Chapter 10: Statistical Models and Hypothesis Tests

Statistical Indices from the Global Temperature From 1880 to 2015

#setwd("~/sshen/mathmodel")
dat1 <- read.table("~/Desktop/RMathModel/data/aravg.ann.land_ocean.90S.90N.v4.0.0.2015.txt") 
dim(dat1)

## [1] 136   6

tmean15 <- dat1[,2] #Take only the second column of this data matrix 

head(tmean15) #The first five values

## [1] -0.367918 -0.317154 -0.317069 -0.393357 -0.457649 -0.468707

mean(tmean15)

## [1] -0.2034367

sd(tmean15)

## [1] 0.3038567

var(tmean15)

## [1] 0.09232888

library(e1071) # R library needed to compute the following parameters

skewness(tmean15)

## [1] 0.7141481

kurtosis(tmean15)

## [1] -0.3712142

median(tmean15)

## [1] -0.29694

quantile(tmean15,
         probs= c(0.05,0.25, 0.75, 0.95))

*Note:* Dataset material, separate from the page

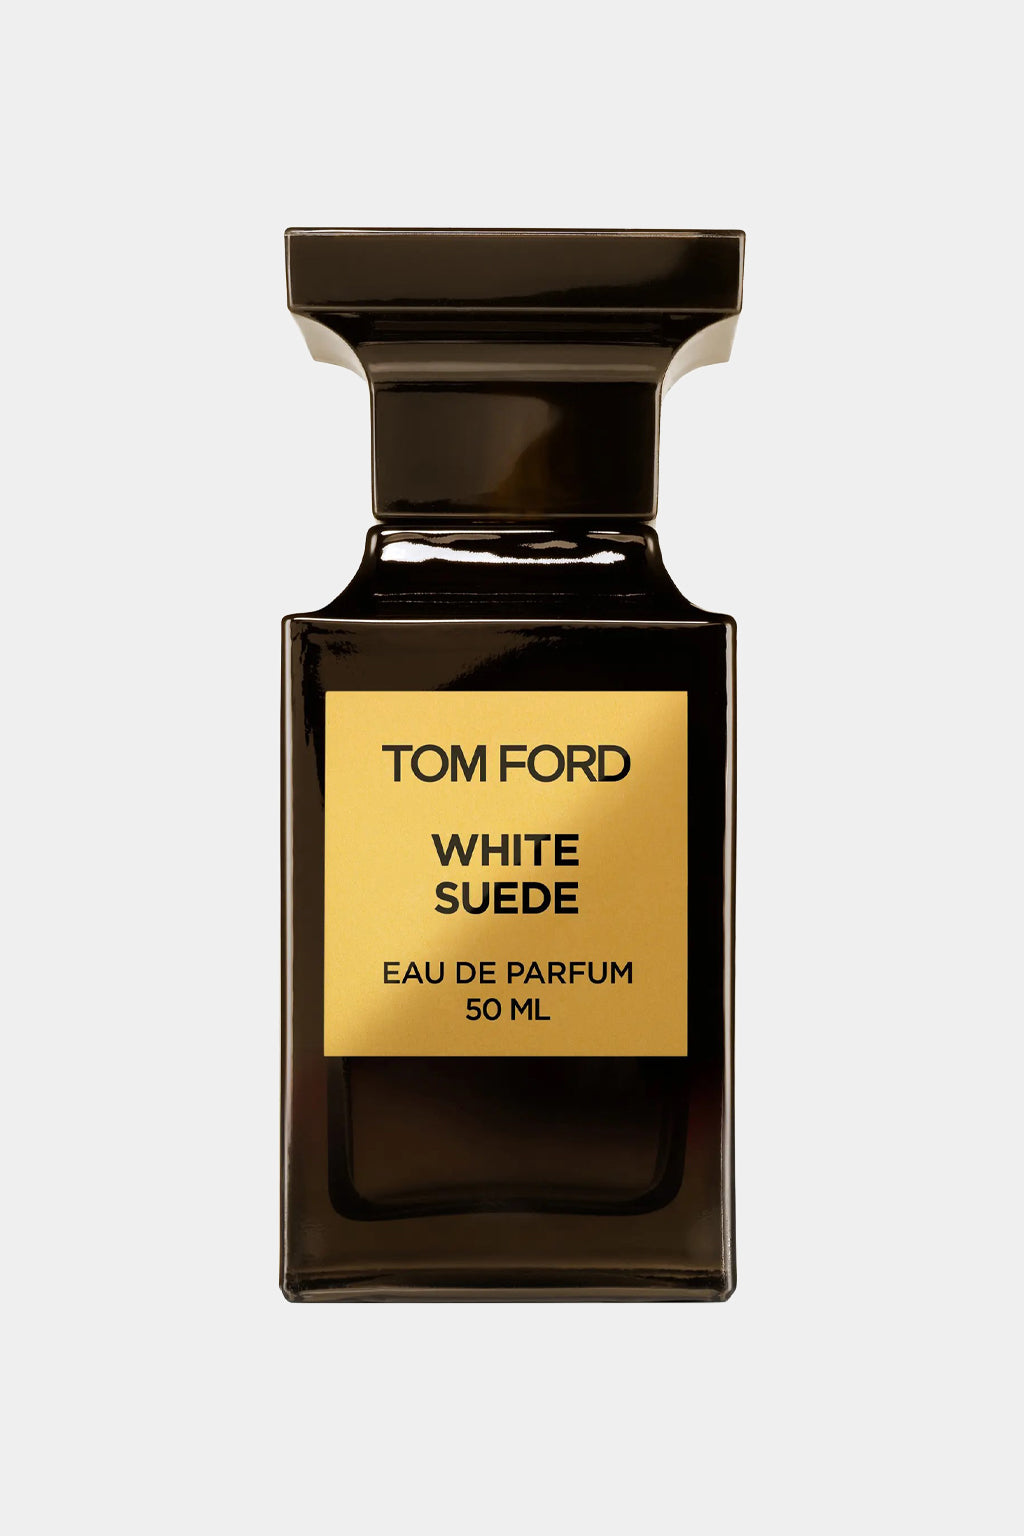 Tom Ford - White Suede Eau de Parfum

##         5%        25%        75%        95% 
## -0.5792472 -0.4228540 -0.0159035  0.3743795

yrtime15 <- seq(1880,2015)
reg8015 <- lm(tmean15 ~ yrtime15)
reg8015 # Display regression results

## 
## Call:
## lm(formula = tmean15 ~ yrtime15)
## 
## Coefficients:
## (Intercept)     yrtime15  
##  -13.208662     0.006678

# Plot the temperature time series and its trend line
plot(yrtime15, tmean15, 
     xlab="Year",ylab=expression(paste("Temperature [ ", degree, "C]")), 
     main="Global Annual Mean Land and Ocean Surface \nTemperature Anomalies 1880-2015", 
     type="l")
grid(nx = NULL, ny = NULL)
abline(reg8015, col="red")
text(1933, 0.4, 
     expression(paste("Linear Temperature Trend = 0.6678 ", degree, "C per century")), 
     col="red",cex=1.2)

Histogram of a Set of Data

h <- hist(tmean15, #Plot histogram 
      main="Histogram of 1880-2015 Temperature Anomalies",
      xlab="Temperature Anomalies") 

xfit <- seq(min(tmean15),
      max(tmean15), length=30) 
areat <- diff(h$mids[1:2])*length(tmean15) 
#Normalization area 

yfit <- areat*dnorm(xfit, 
        mean=mean(tmean15), sd=sd(tmean15)) 
lines(xfit,yfit,col="blue",lwd=2)

#Plot the normal fit
plot(density(tmean15), #R estimate density 
     main="R Estimate of Density",xlab="Temperature Anomalies") 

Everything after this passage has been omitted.